*ABOUT THIS TASK:* Retype the lines below exactly, but only those from the line that has "반려견 죽을 때 많이 슬퍼하면 안된다는 몽골인들" through the line that has "Men's Colorblocked Quarter-Zip". Omit every picture.

*SOURCE MATERIAL:*
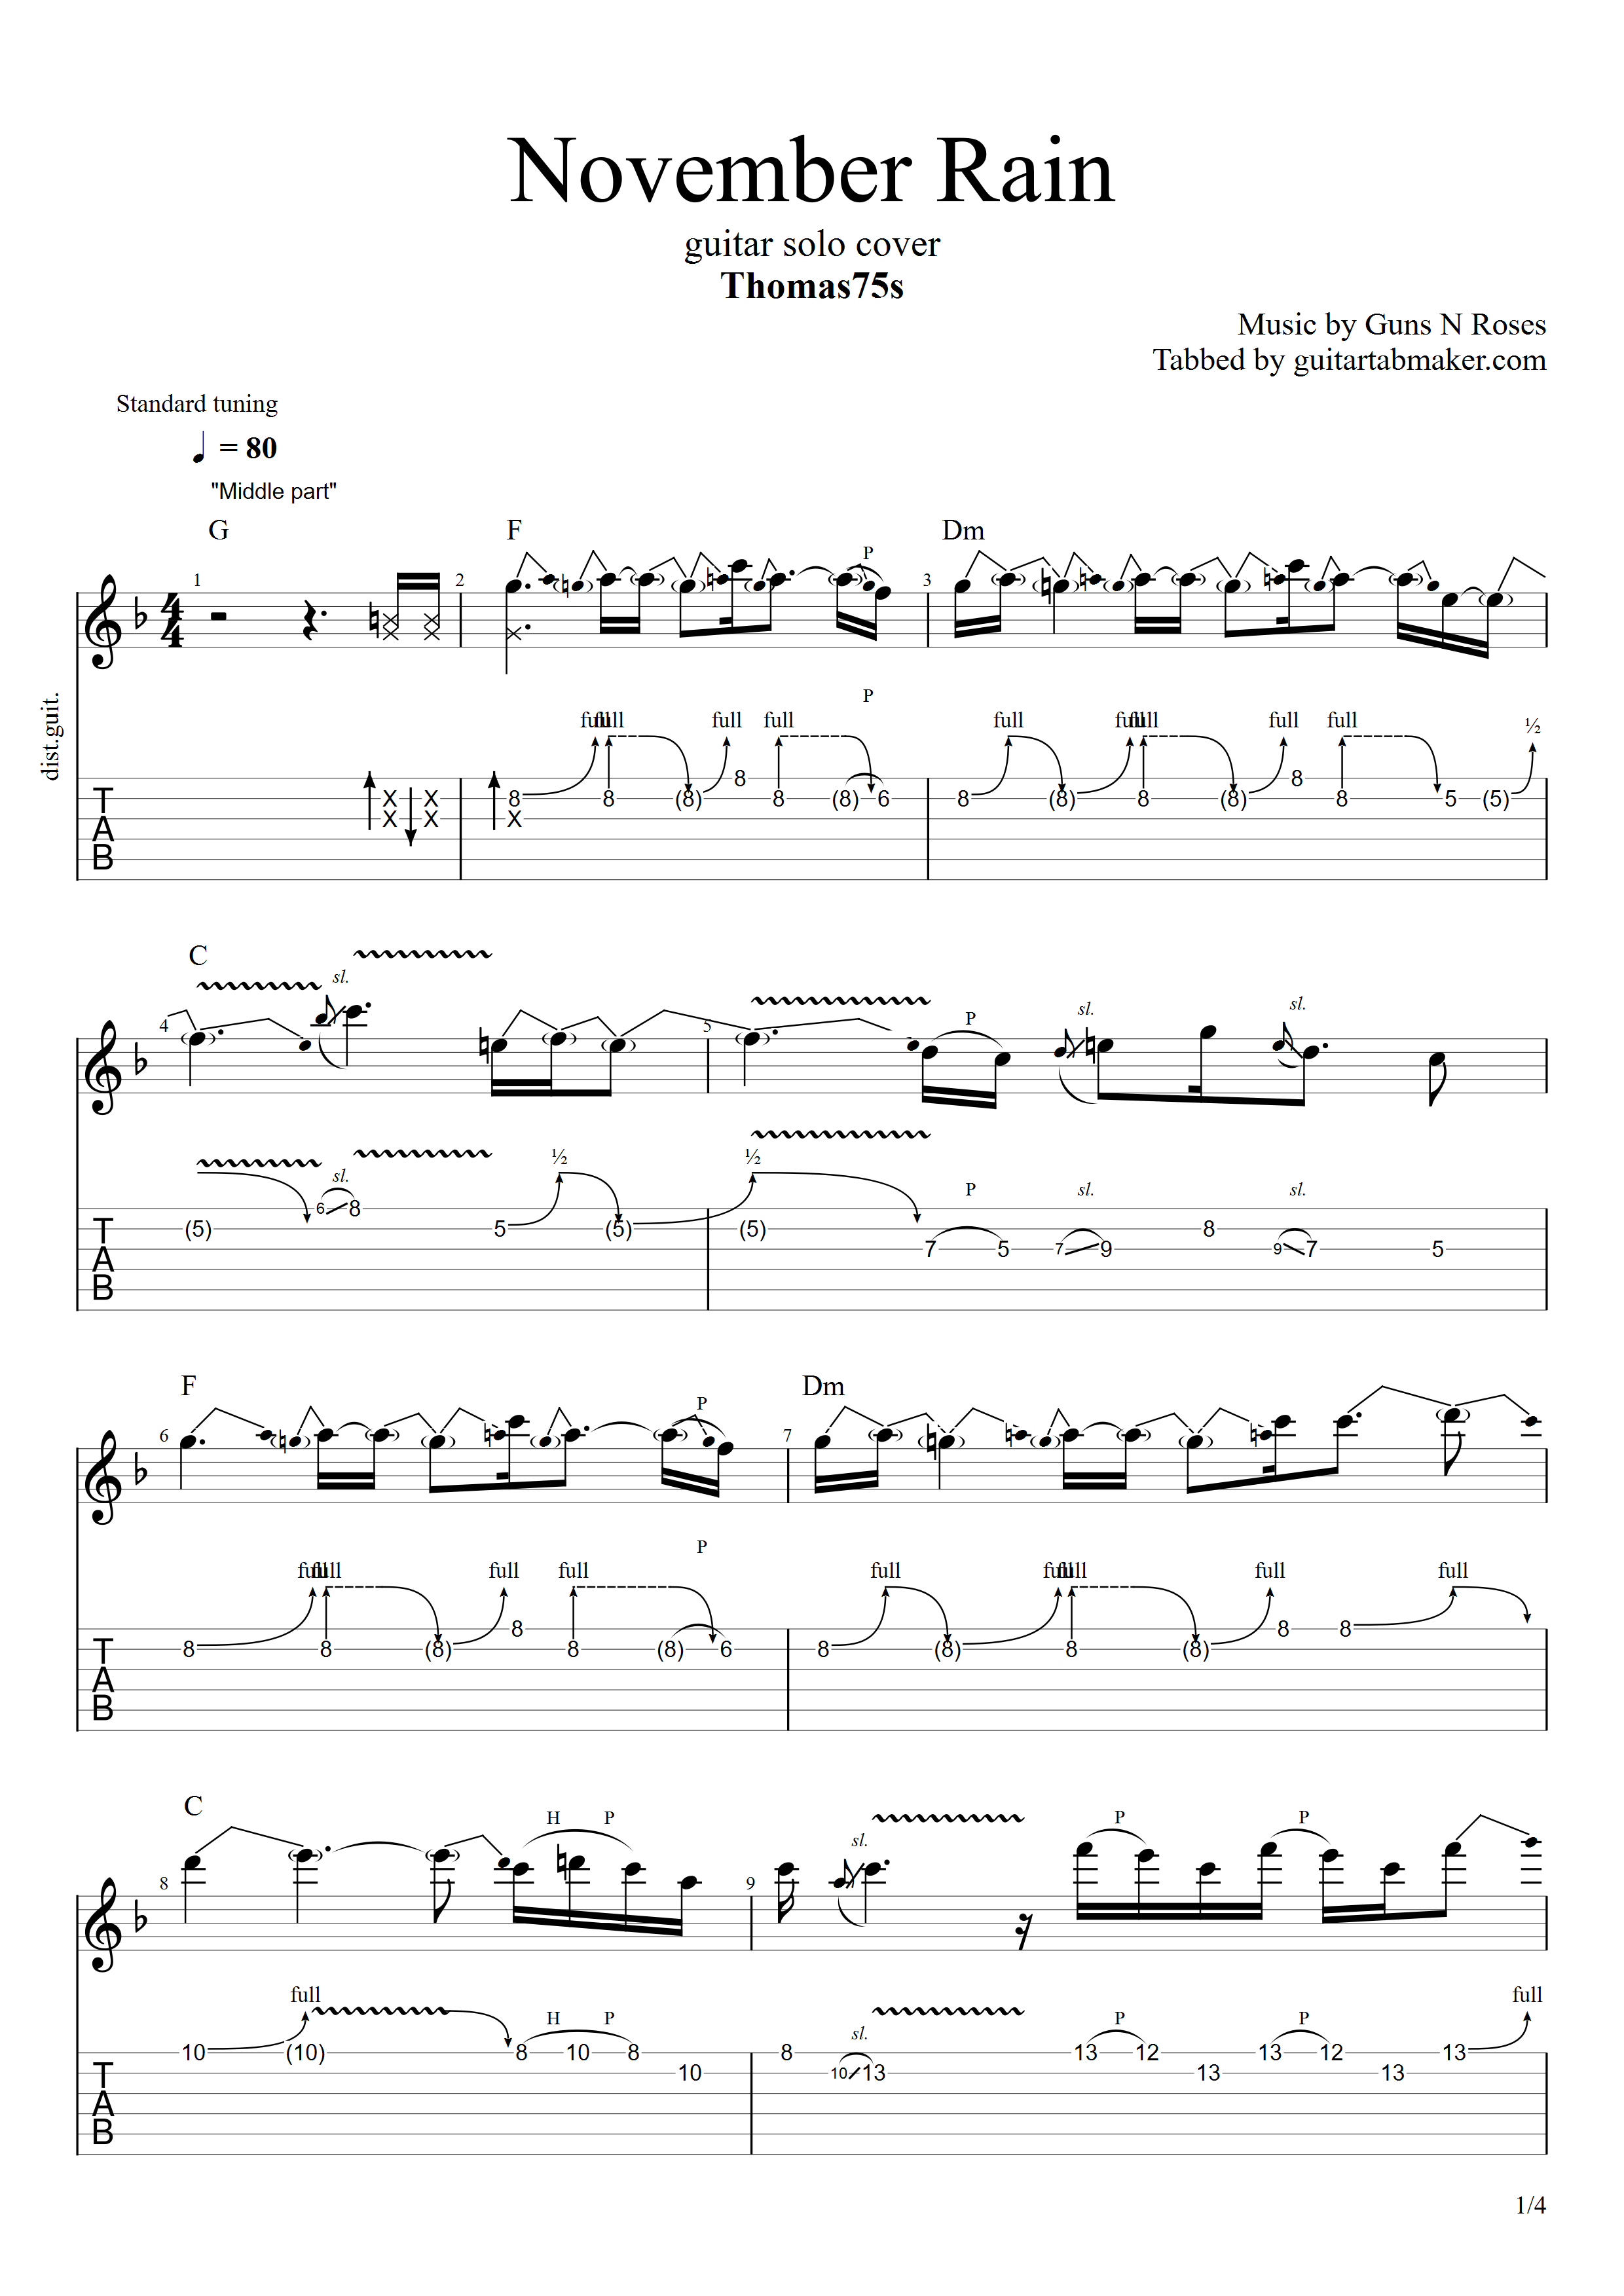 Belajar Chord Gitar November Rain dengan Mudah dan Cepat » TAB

...

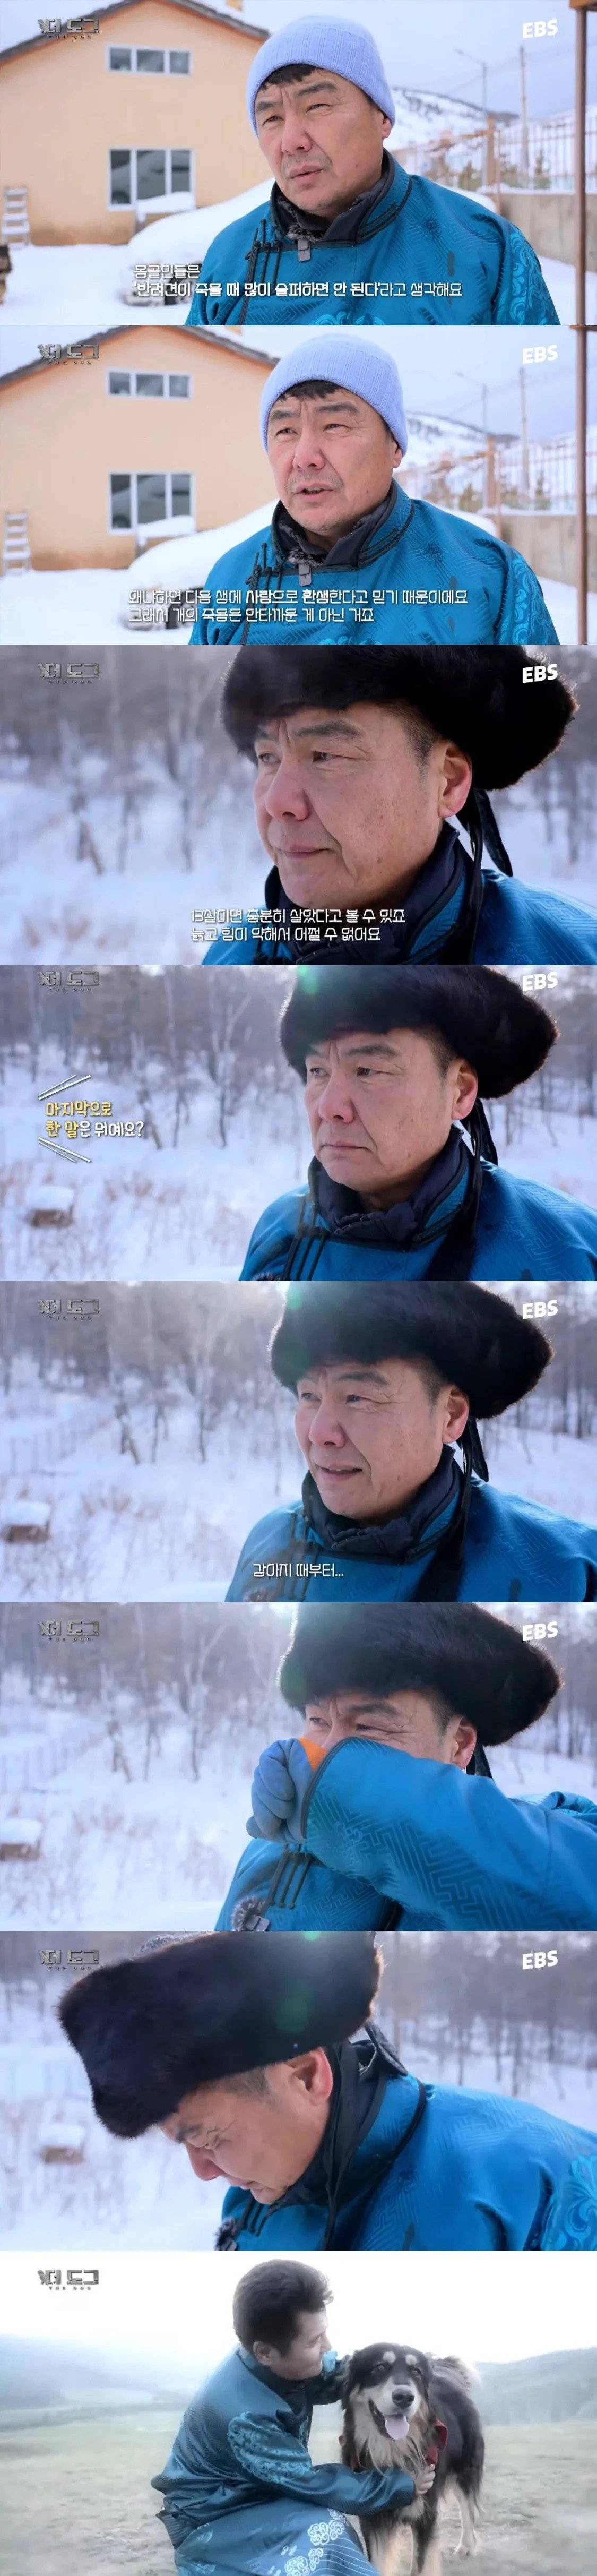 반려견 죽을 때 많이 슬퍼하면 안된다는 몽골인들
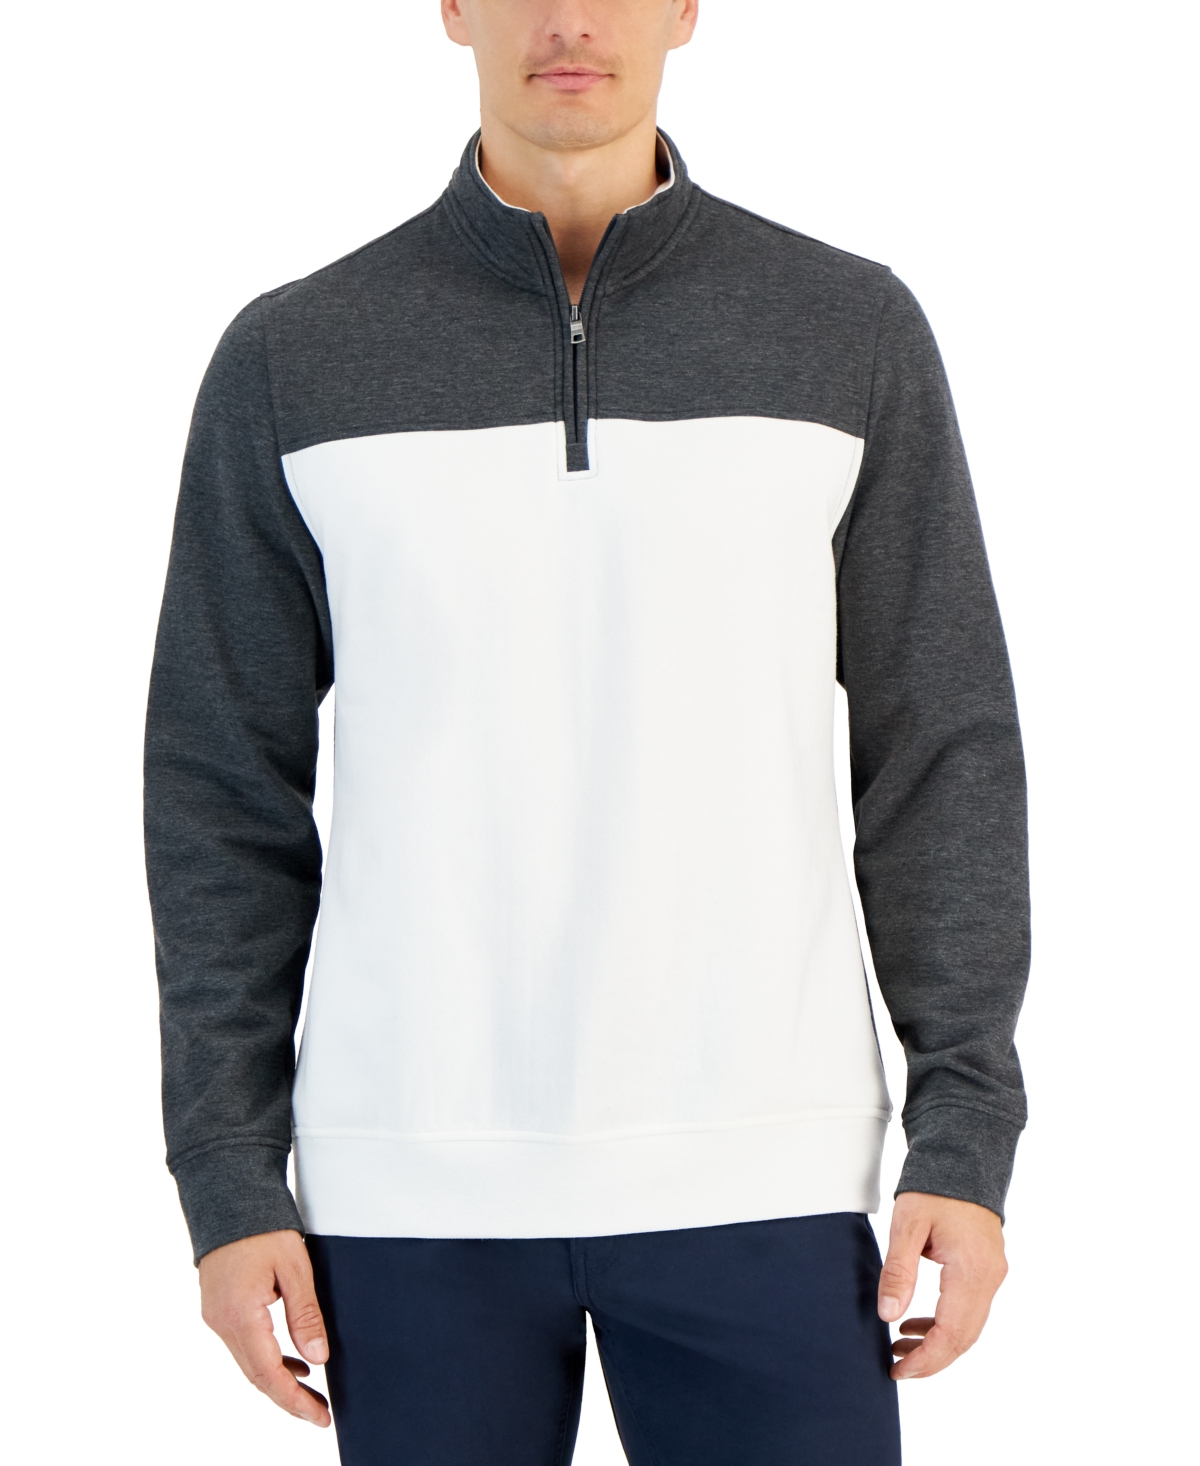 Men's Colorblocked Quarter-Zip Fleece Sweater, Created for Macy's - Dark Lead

* * *

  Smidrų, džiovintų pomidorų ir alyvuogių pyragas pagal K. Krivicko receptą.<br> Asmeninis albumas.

*RESULT FOR THIS EXERCISE:*
 반려견 죽을 때 많이 슬퍼하면 안된다는 몽골인들
 Men's Colorblocked Quarter-Zip Fleece Sweater, Created for Macy's - Dark Lead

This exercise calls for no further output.